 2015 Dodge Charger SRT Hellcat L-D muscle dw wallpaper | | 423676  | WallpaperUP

==

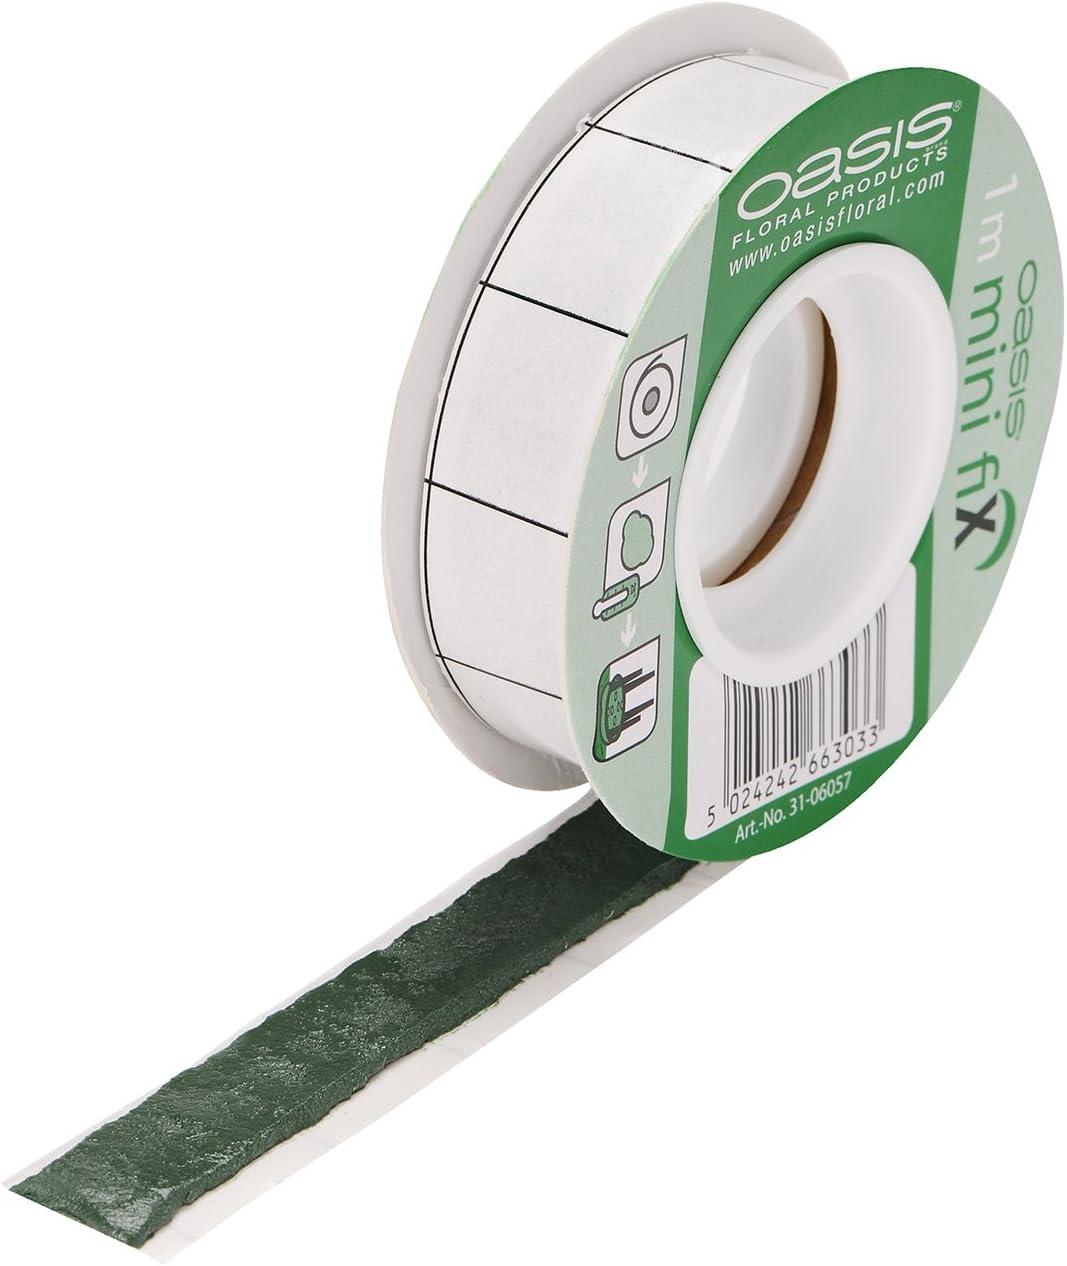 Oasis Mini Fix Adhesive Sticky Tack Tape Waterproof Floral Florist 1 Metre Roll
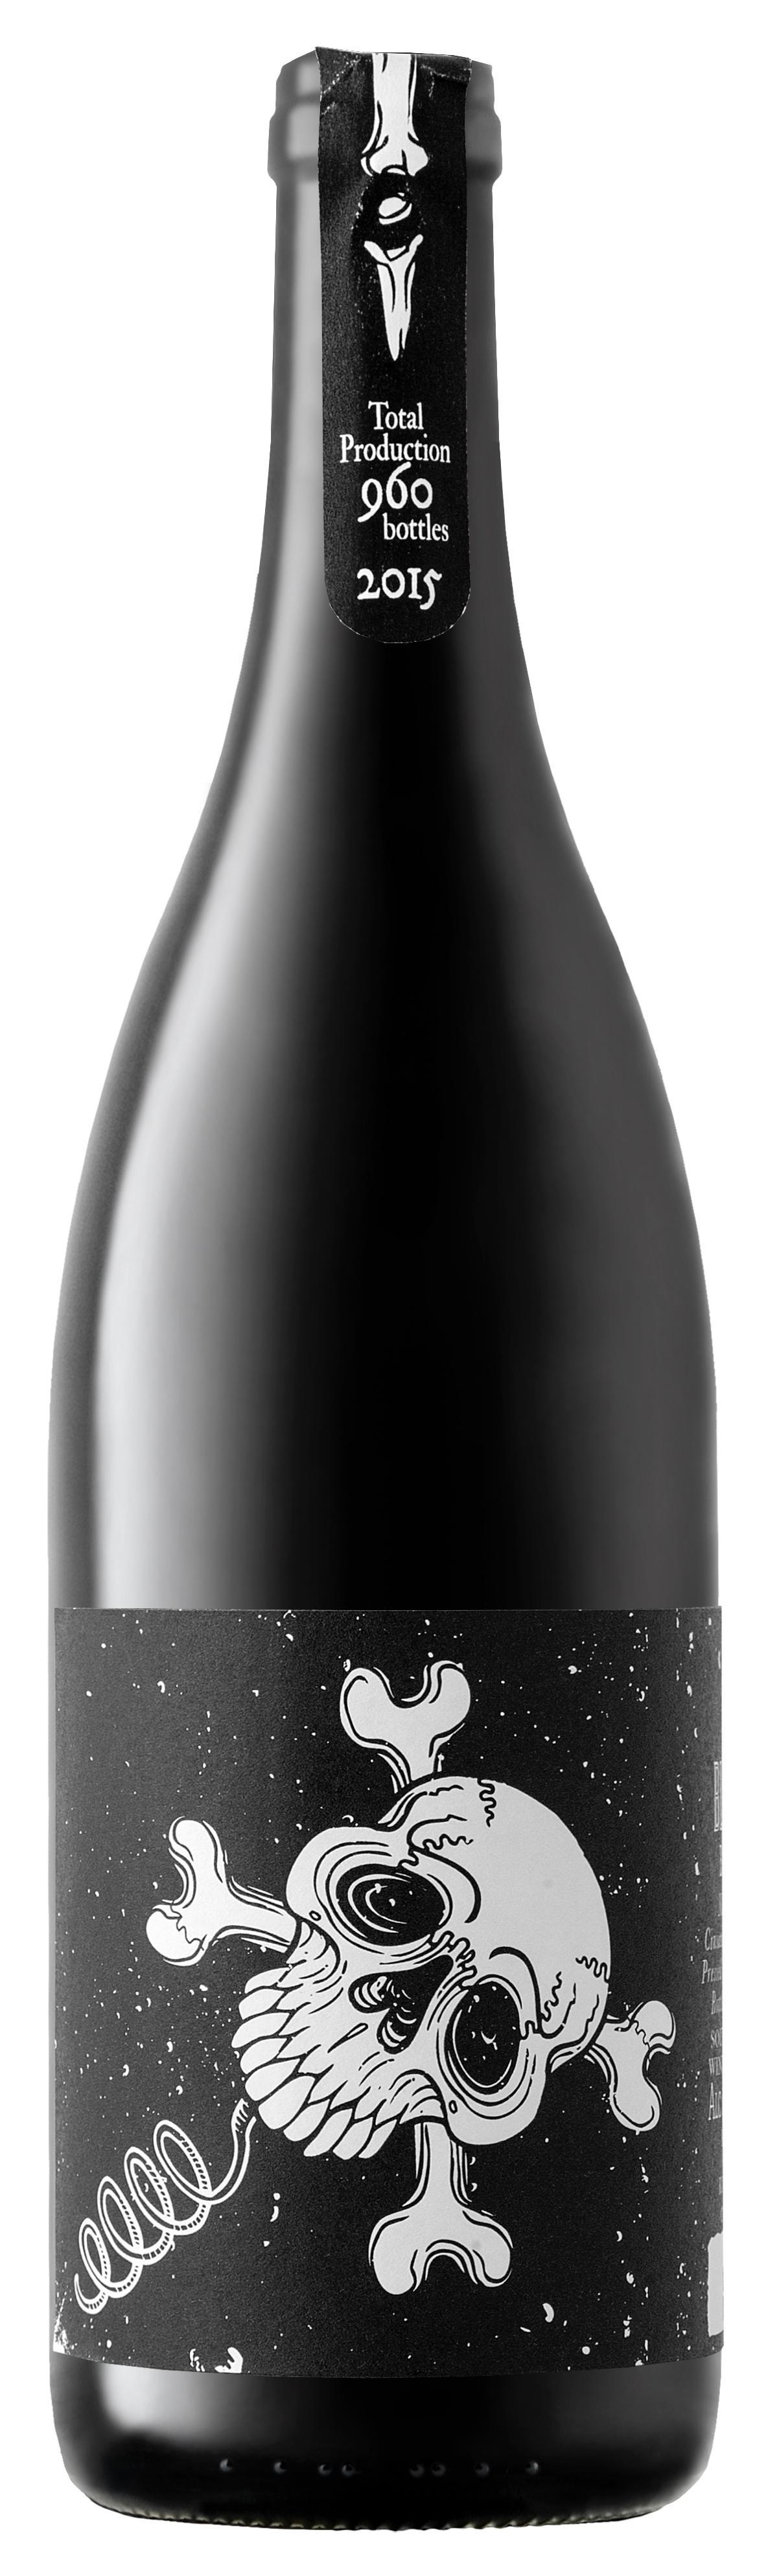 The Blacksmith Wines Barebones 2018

Directions. The answer must be the part of the records that opens with the line containing "Oasis Mini Fix" and closes with the line containing "The Blacksmith Wines Barebones 2018", reproduced exactly, with no pictures.

Result.
 Oasis Mini Fix Adhesive Sticky Tack Tape Waterproof Floral Florist 1 Metre Roll
 The Blacksmith Wines Barebones 2018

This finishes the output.